Granulocyte colony-stimulating factor (G-CSF) as an adjunct to induction chemotherapy of adult acute lymphoblastic leukemia (ALL).

作者信息

Scherrer R, Geissler K, Kyrle P A, Gisslinger H, Jäger U, Bettelheim P, Laczika K, Locker G, Scholten C, Sillaber C

机构信息

Division of Hematology, First Medical Department, University of Vienna, Austria.

出版信息

Ann Hematol. 1993 Jun;66(6):283-9. doi: 10.1007/BF01695970.

Abstract

Our purpose was to evaluate the ability of recombinant human granulocyte colony-stimulating factor (r-metHuG-CSF) as an adjunct to induction chemotherapy of acute lymphoblastic leukemia (ALL) to ameliorate chemotherapy-induced neutropenia and thus allow patients to receive full doses of chemotherapy on time. Sixteen consecutive patients with adult ALL (13 de novo, three relapsed) were treated with induction chemotherapy according to the BMFT protocol and received in addition r-metHuG-CSF (200 micrograms/m2/day). Patients who were treated with the same induction chemotherapy but without G-CSF between 1982 and 1990 served as controls. Fifteen of the 16 patients achieved complete hematological remission. One patient died because of fungal septicemia. Compared with historical controls, G-CSF-treated patients had a significantly faster neutrophil recovery in phase I, resulting in neutrophil counts > 1000/microliters at day 17 vs day 26 (in median) in controls.

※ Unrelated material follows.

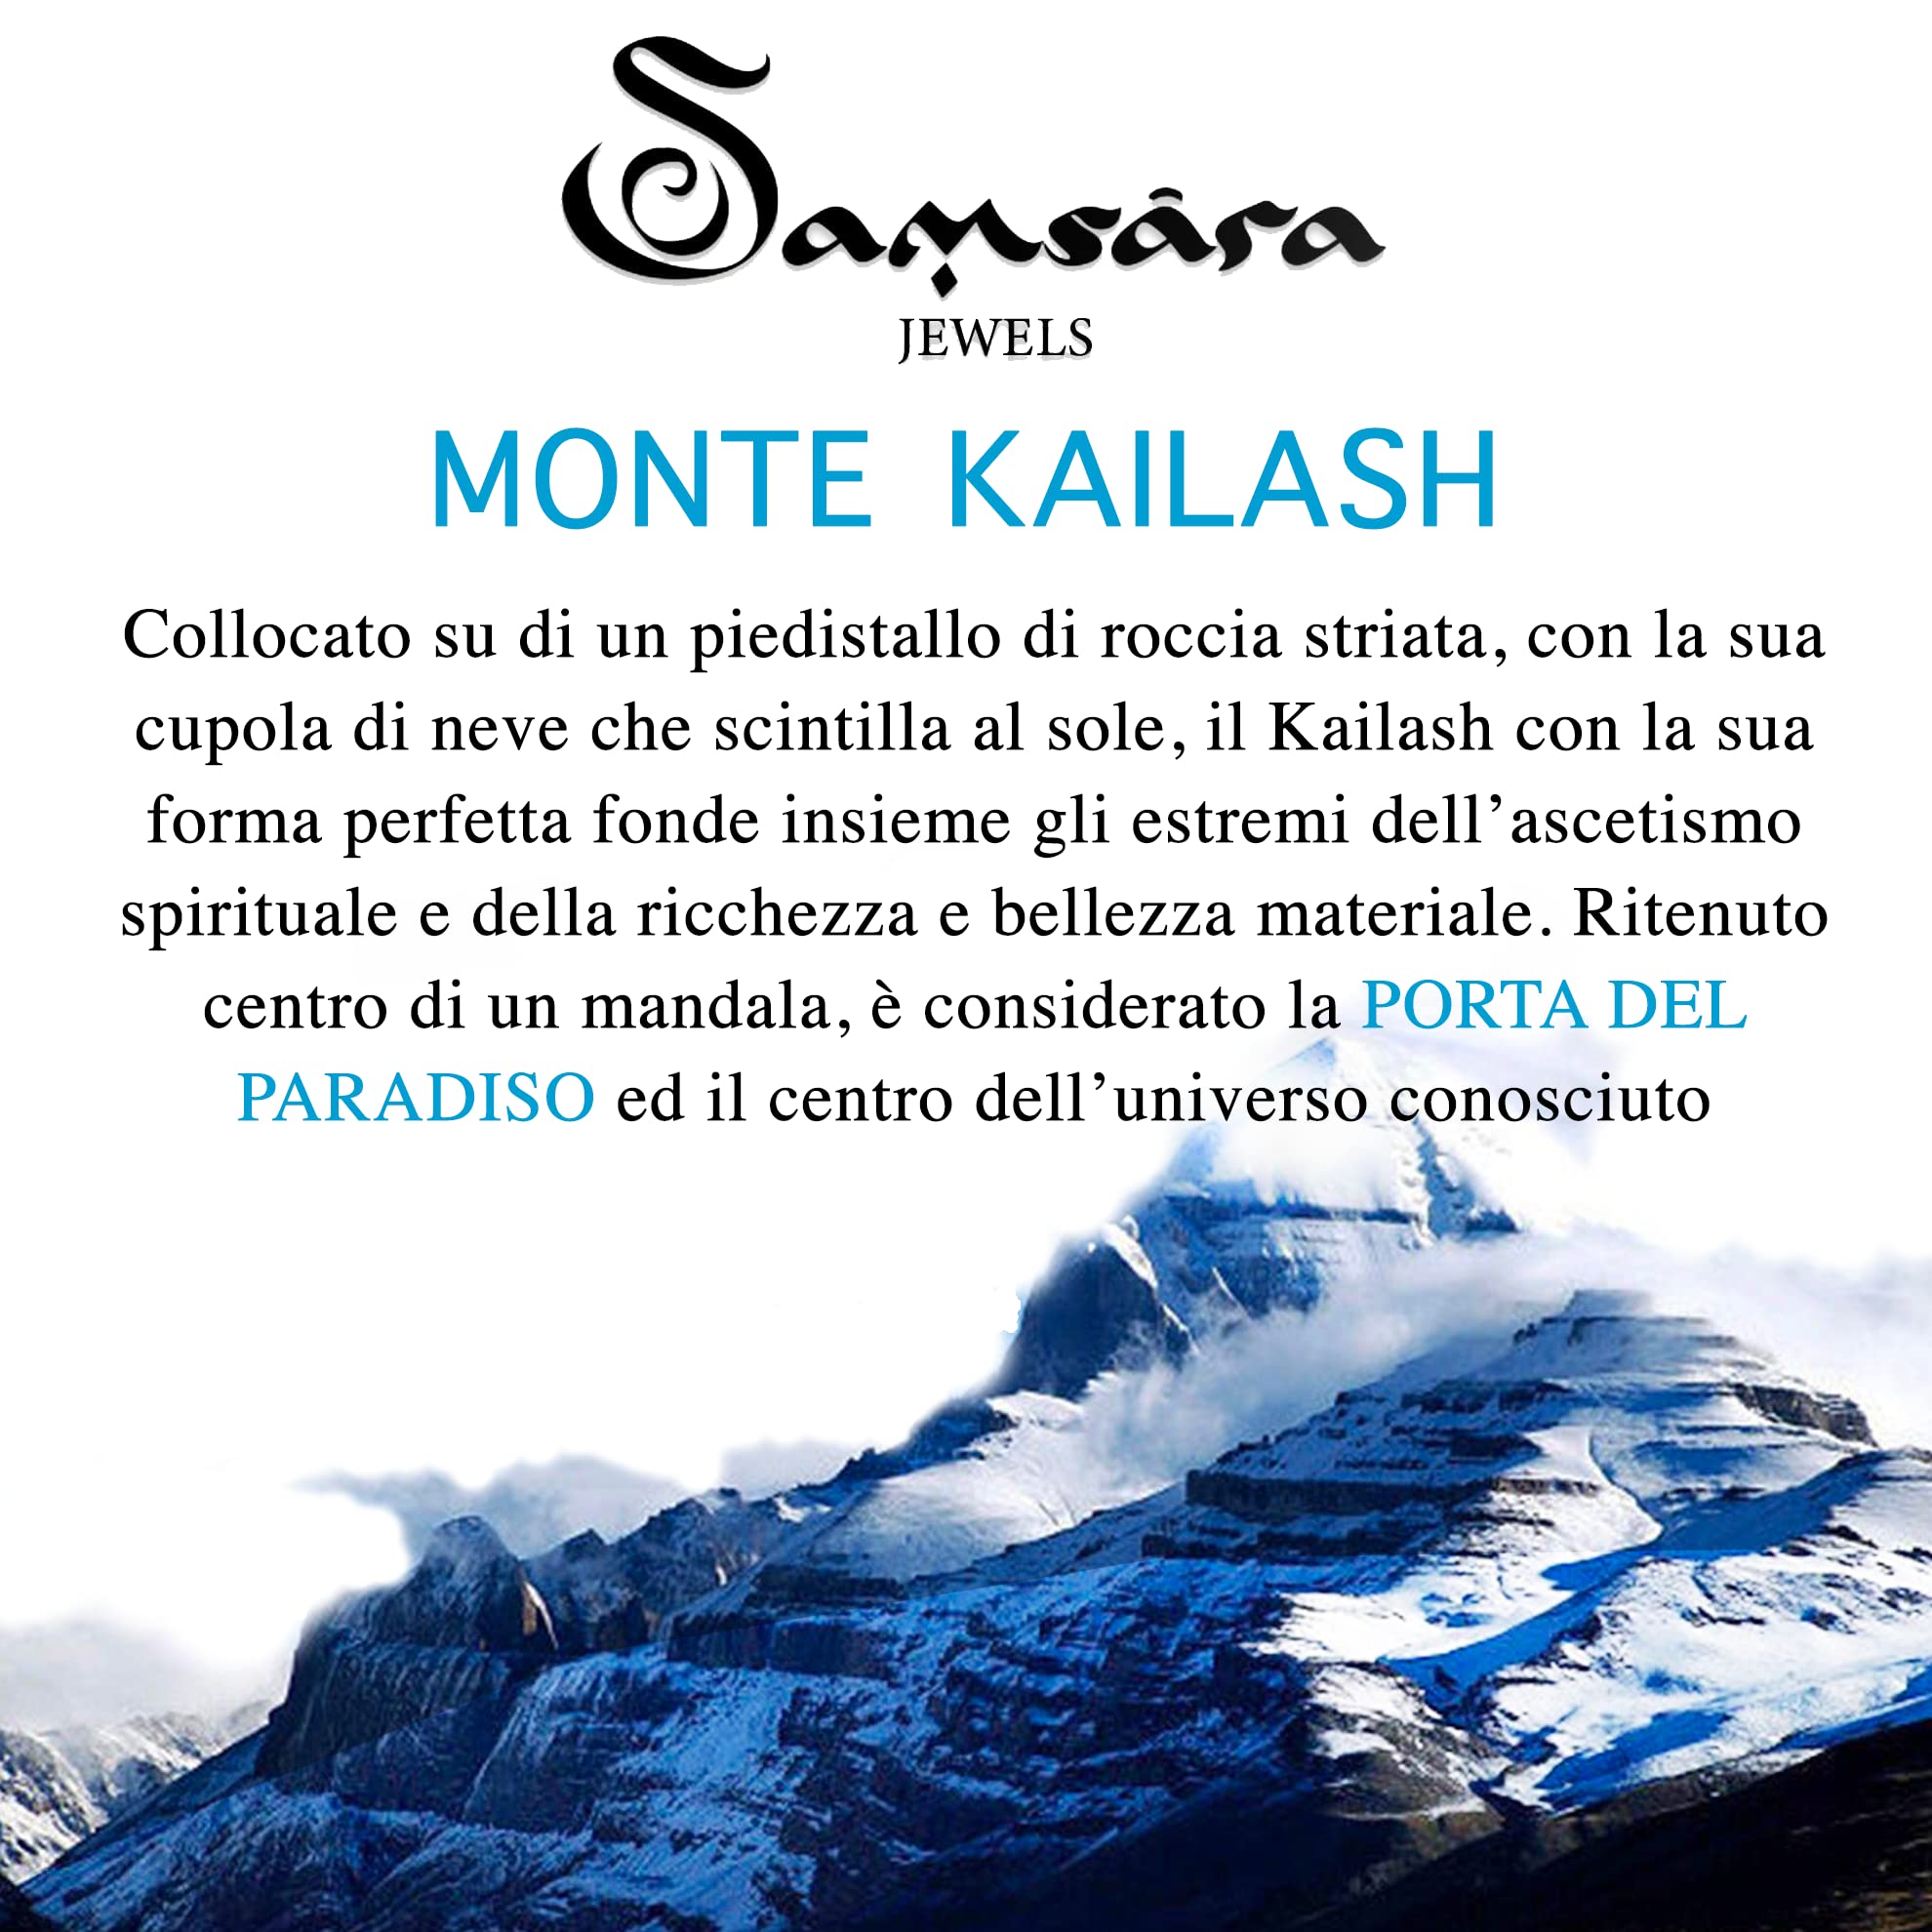 Samsara Bracciale Kailash Tibetano Buddista - Bracciale Spirituale Con Turchese Celeste - Filo in cotone cerato Bianco

In phase II, the onset of severe leukocytopenia (< 1500/microliters) was significantly (p = 0.01) delayed and the degree of leukocytopenia less pronounced (mean nadir 3300/microliters) in G-CSF-treated patients compared with controls (1880/microliters). The number of days of febrile neutropenia was not different in phase I. In phase II it was lower in study patients (0 vs 1.1 days), but the difference did not reach statistical significance (p = 0.09). Full doses of chemotherapy could be given on time to 11/13 (85%) G-CSF patients but to only 7/30 (23%) controls. These data indicate that (a) G-CSF can be given along with chemotherapy in induction treatment of ALL without compromising efficacy; (b) the duration of neutropenia in phase I is markedly shortened and the degree of leukocytopenia in phase II ameliorated; (c) these beneficial effects allow patients to receive full doses of chemotherapy on time.

摘要

我们的目的是评估重组人粒细胞集落刺激因子(r-metHuG-CSF)作为急性淋巴细胞白血病(ALL)诱导化疗辅助药物,改善化疗引起的中性粒细胞减少症,从而使患者能够按时接受全剂量化疗的能力。16例连续性成年ALL患者(13例初发,3例复发)按照BMFT方案接受诱导化疗,并额外接受r-metHuG-CSF(200微克/平方米/天)治疗。1982年至1990年间接受相同诱导化疗但未使用G-CSF的患者作为对照。16例患者中有15例实现了完全血液学缓解。1例患者因真菌败血症死亡。与历史对照相比,接受G-CSF治疗的患者在第一阶段中性粒细胞恢复明显更快,导致第17天中性粒细胞计数>1000/微升,而对照组中位数为第26天。在第二阶段,与对照组(1880/微升)相比,接受G-CSF治疗的患者严重白细胞减少症(<1500/微升)的发作明显延迟(p = 0.01),白细胞减少程度较轻(平均最低点3300/微升)。第一阶段发热性中性粒细胞减少症的天数没有差异。在第二阶段,研究患者的天数较低(0天对1.1天),但差异未达到统计学意义(p = 0.09)。13例接受G-CSF治疗的患者中有11例(85%)能够按时给予全剂量化疗,而对照组中只有7/30(23%)能够按时给予。这些数据表明:(a)在ALL诱导治疗中,G-CSF可与化疗同时使用而不影响疗效;(b)第一阶段中性粒细胞减少的持续时间明显缩短,第二阶段白细胞减少的程度得到改善;(c)这些有益效果使患者能够按时接受全剂量化疗。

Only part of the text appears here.